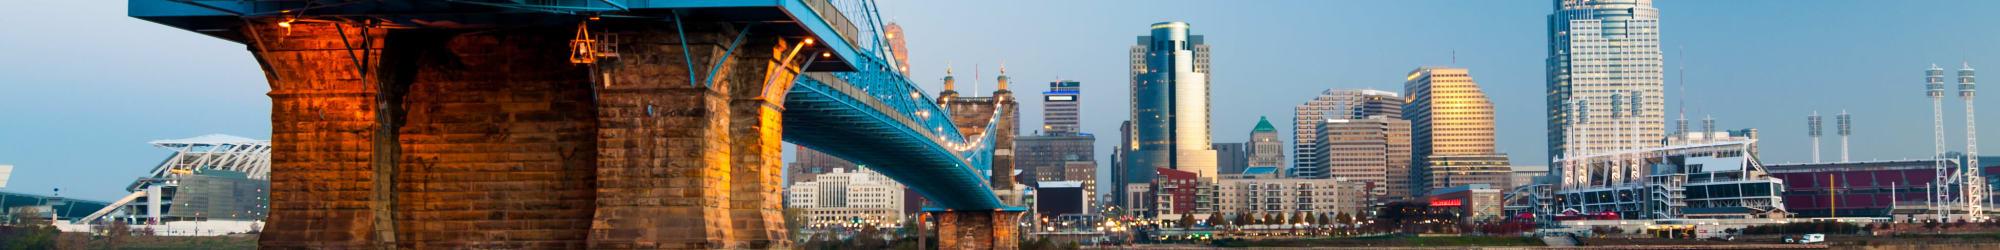 Directions to Echelon Luxury Apartments in Cincinnati, Ohio
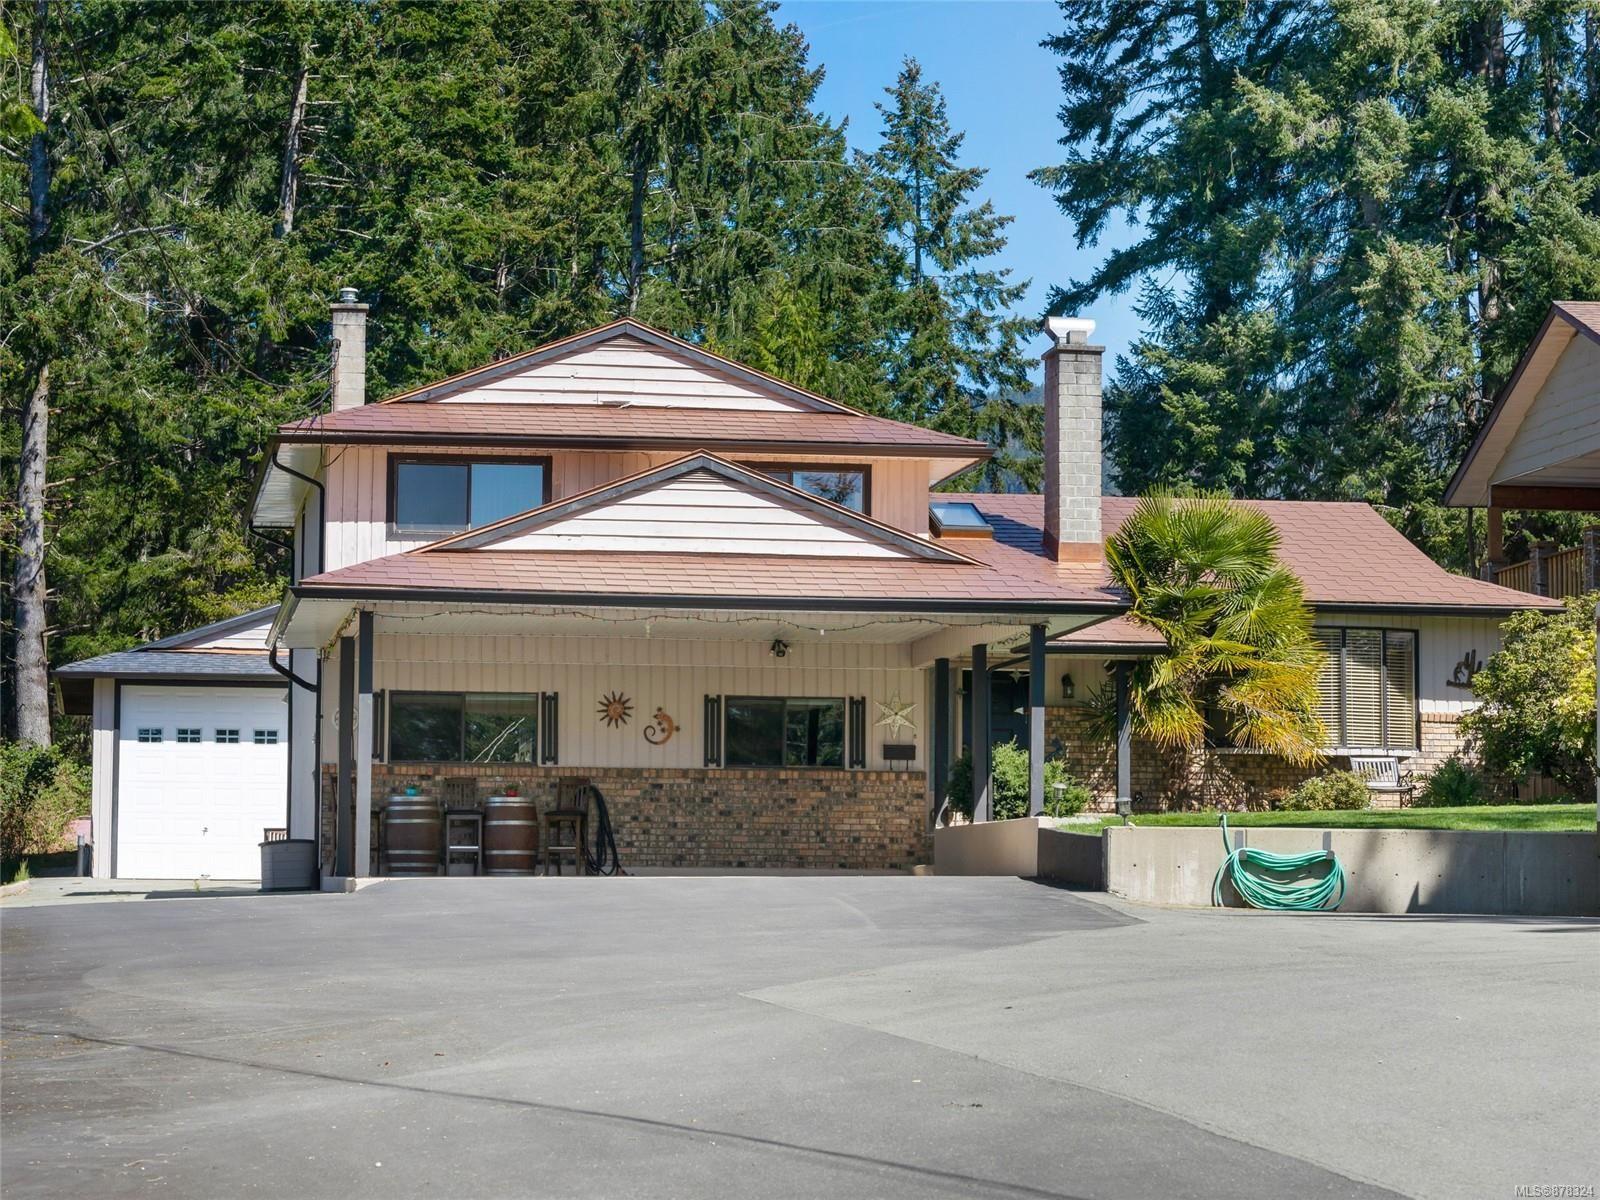 Photo 48: Photos: 3875 Moore Rd in : PA Port Alberni House for sale (Port Alberni)  : MLS®# 878324
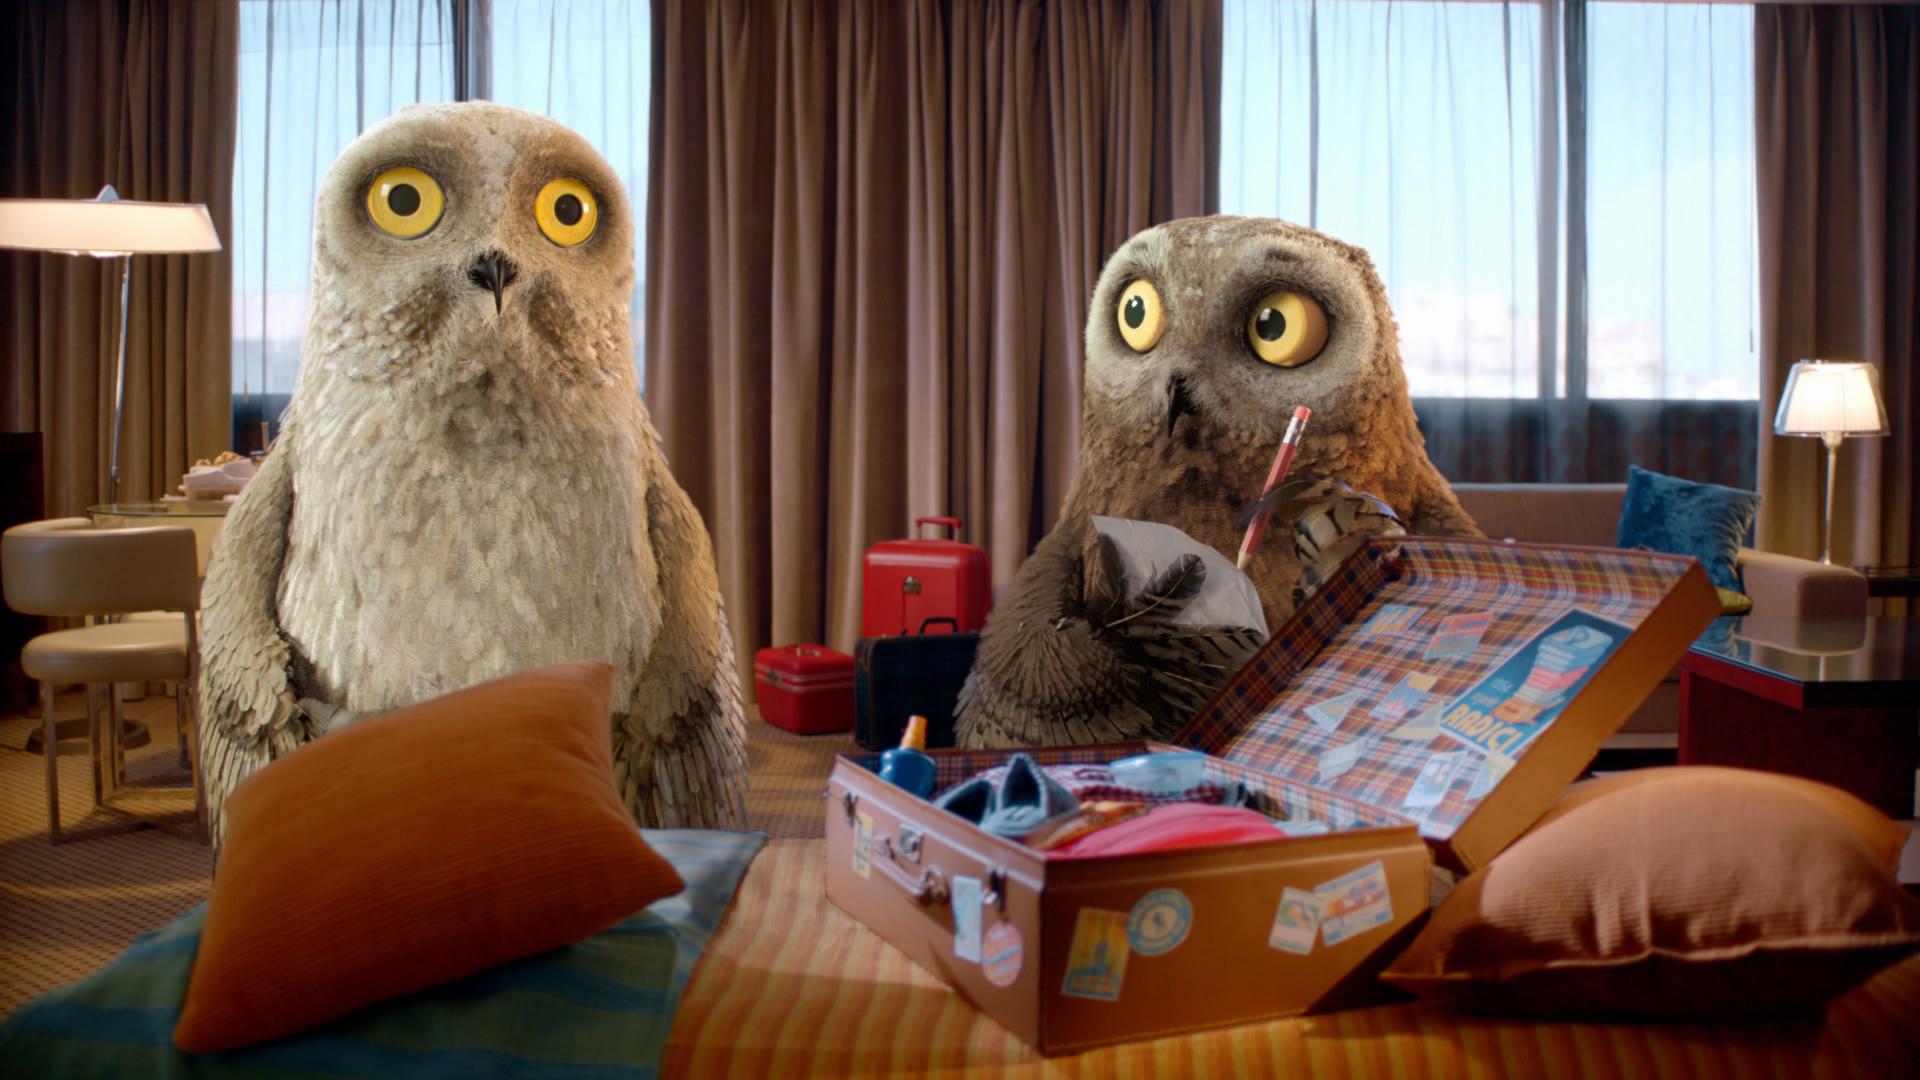 Winbank - Owls

————

> _EXERCISE PROMPT_
In the copy, include no pictures; everything else in the material should be written out exactly.

> _SOLVED PROBLEM_
 Directions to Echelon Luxury Apartments in Cincinnati, Ohio
 Photo 48: Photos: 3875 Moore Rd in : PA Port Alberni House for sale (Port Alberni)  : MLS®# 878324
 Winbank - Owls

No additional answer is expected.